I was driving in the car the other day and an old Beach Boys song came on the radio, followed by some Bob Dylan (Sirius 21: Garage is THE station). It reminded me of my childhood. Not because I was a kid when the songs came out. I wasn’t even born. It reminded me of my childhood friends. Other than my brother (who, to this day, remains my very best friend), I didn’t have a whole lot of friends before the age of 12. I was a nerd. Serious nerd. Aw, who am I kidding? I AM a nerd. There’s no WAS involved. But back in the early 80s, I was a nerd who had a few friends but often felt isolated. What changed when I was 12? We moved and that move sent me to St. Theresa’s Elementary and for the first time, other students were incredibly warm and welcoming and happy I’d joined them. All of this despite the fact that I had three-day-old cat scratches running down my entire face. That’s another blog post, though.

Here’s the thing: Music has always been my friend, even when I felt like I had none. Music saved me then and it saves me now and it will always save me.

Hearing the Beach Boys made me think of this:

I didn’t have a Walkman. I had one of these portable cassette recorders and a pair of earphones. That was my Walkman. I am pretty sure my grandma bought it for me at “The Base.” My grandfather was career US Navy and this allowed my grandma access to local military bases, where she would shop at the commissary (no taxes!), let my brother get flat-top haircuts at the barber, and purchase sundry items at the Exchange. I seem to remember her getting me this player on the cheap, along with a shit-ton (my favorite unit of measurement, by the way) of C Cell batteries. I carried that cassette player everywhere and listened to it as I fell asleep at night. In addition to some Beach Boys cassettes, my musical arsenal included Duran Duran, Aretha Franklin, Van Halen, and homemade tapes of songs grabbed off the radio. High end shit.
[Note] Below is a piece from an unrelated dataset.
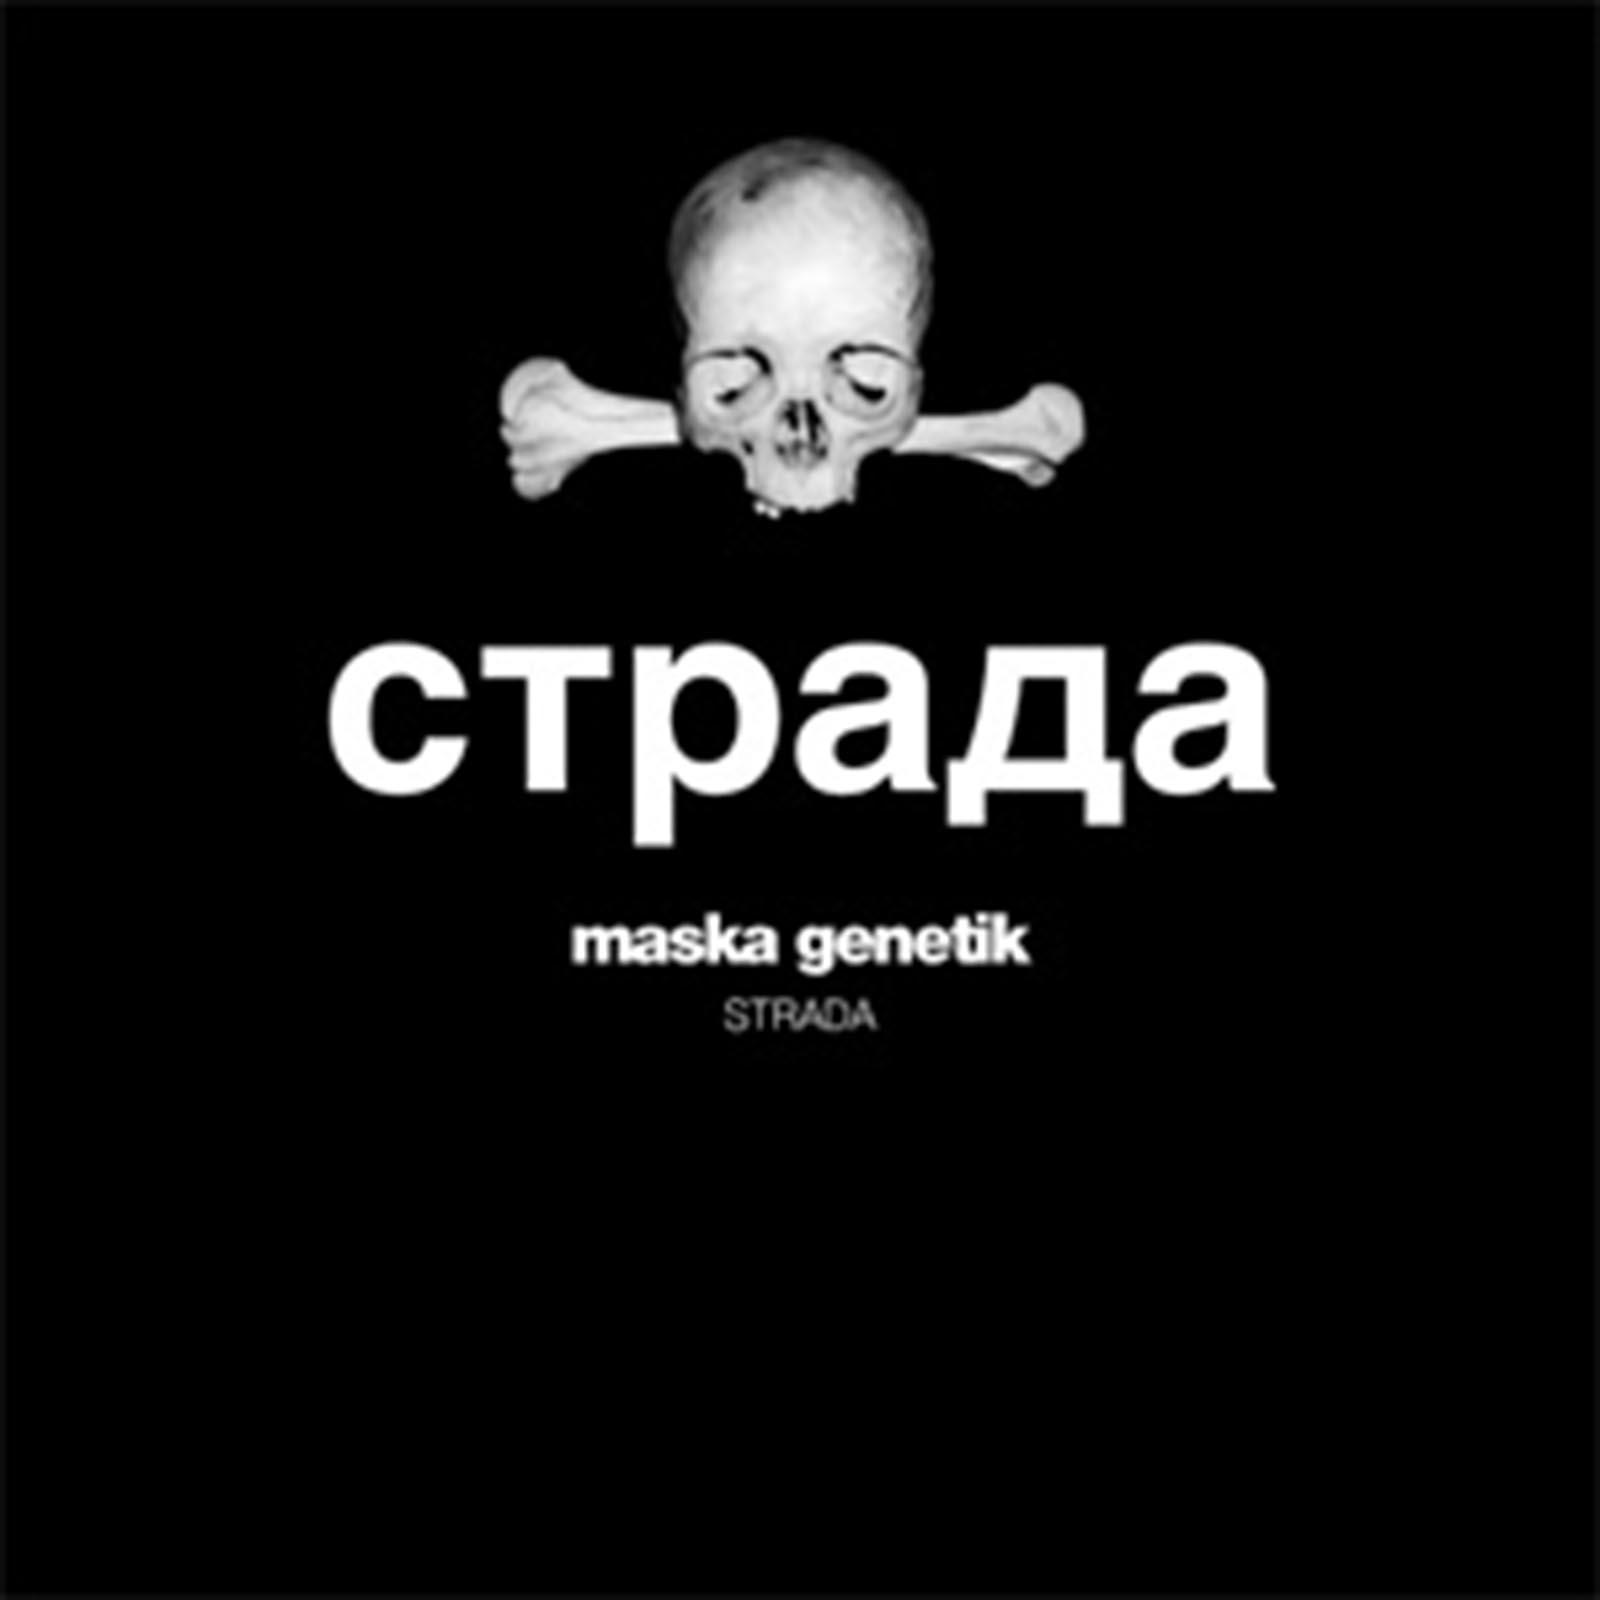 MASKA GENETIK – STRADA (Galakthorrö 027, CD ALBUM, 2011) (MP3 320)

In third grade, I took the school bus. I only remember certain things about this. I remember that we had a driver who would go fast over speed bumps if we all chanted “BUMP, BUMP, BUMP” before hand. Since we were without seatbelts, this gave us a millisecond of weightlessness, just long enough for all of us to slam our heads on the ceiling of the bus and then come crashing down to our seats. We were all very sad when that driver didn’t show up anymore. I also remember seeing the aftermath of a car-on-bike accident one rainy morning and feeling like I’d been punched in the gut all day. And I remember listening to my Beach Boys tape and having some older boys (maybe 6th graders?) ask what tape I had in the player. “The Beach Boys,” I told them. They all sort of nodded absent-mindedly (probably because I didn’t have a tape worth stealing) and then one of the boys said, “Did you know that none of the Beach Boys knew how to surf? It was all an act.” I looked at him, studied his earnest face, and then started crying. The boys turned around and sat back in their seats, confused, I am sure, by the suddenly bawling little girl behind them. I don’t know why this information crushed me. I guess I felt cheated. If the Beach Boys didn’t actually surf, what else wasn’t true? Did the members of Duran Duran actually wear lipstick, like my mom claimed? When the teacher said we didn’t need to worry about earthquakes or nuclear attack, but still had to run drills and hide under our desks, was she (Nick Rhodes lip)glossing the subject? And a cynic was born.

It didn’t stop me from loving the Beach Boys. Or Duran Duran. Or any other music. Those were my friends and we take our friends for who they are — false imagery or not. I get obsessive about music. Not in a Nick Hornby way with lists and quantification, but more in that I go on jags of certain artists for a while. I always seem to have some song stuck in my head. I closely associate certain songs with certain times or events. I have my iPod on me at all times.

It’s a long way from a cheap cassette recorder to a 120 GB iPod, like another lifetime or even another planet. But I am still the same music nerd, needing that music to take me through this weird and marvelous life we lead. Needing those friends.